Note: `NULLIF` helps you replace a specific value with **NULL**.

### C.4 Verify by re-counting NULLs after cleaning.

---

## D) Join with `stations` metadata

### D.1 Preview a few rows of `bigquery-public-data.noaa_gsod.stations`.

### D.2 Join your cleaned 2019 observations to `stations` on `station_id` where possible, and select relevant columns and in this order:

```date, station_id, name, country, state, lat, lon, elev, temp, dewp, max, min, prcp, wdsp```



### D.4 Count how many 2019 rows have **no match** in `stations` (left join) — report the count.

---

## E) Create a partitioned **clean** table

### E.1 Create a partitioned table `temp_dataset.gsod_2019_clean` with cleaned data.
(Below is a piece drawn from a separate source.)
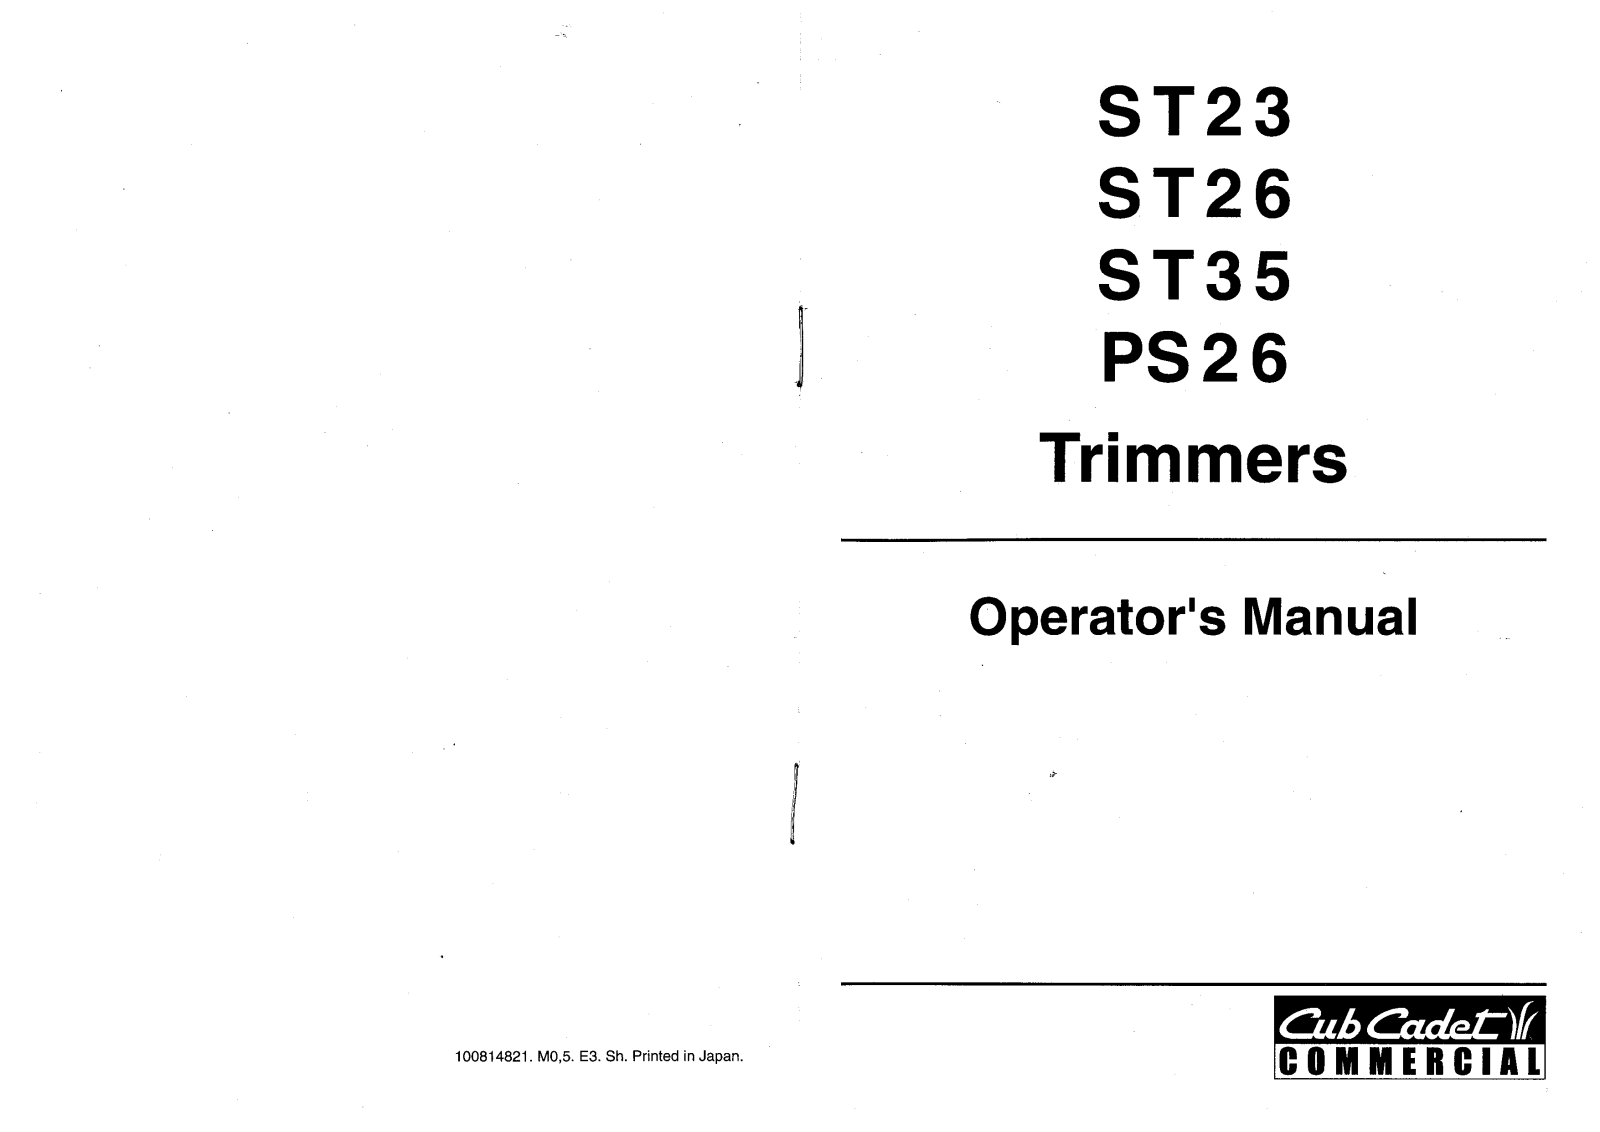 Mtd st23, st26, st35, ps26 operators manual

### E.2 Confirm row count after table creation.

Observation: We lose 10697 points after the join. These are weather reports for stations that we don't have name or other pieces of information in the stations table.

---

## F) Intro summaries

### F.1 Average `temp` by month for 2019 (ignore NULLs).

### F.2 Number of rainy days per station (`prcp > 0`) in 2019; show top 10 stations.

### F.3 By country: average `max` and `min` temperature for 2019; keep only countries with at least 200 station-days (`HAVING`).

---

## G) Quality checks

### G.1 Show min/max of `temp`, `max`, `min`, `prcp` after cleaning.

### G.2 Count rows where `max < min` (should be rare or zero).

### G.3 Flag any station with `lat` or `lon` outside realistic bounds (after join).

---

## H) Bonus question

### H.1 Create a simple **UDF** (BigQuery SQL) that classifies a day as `'freezing'`, `'cool'`, `'warm'`, `'hot'` based on `temp`.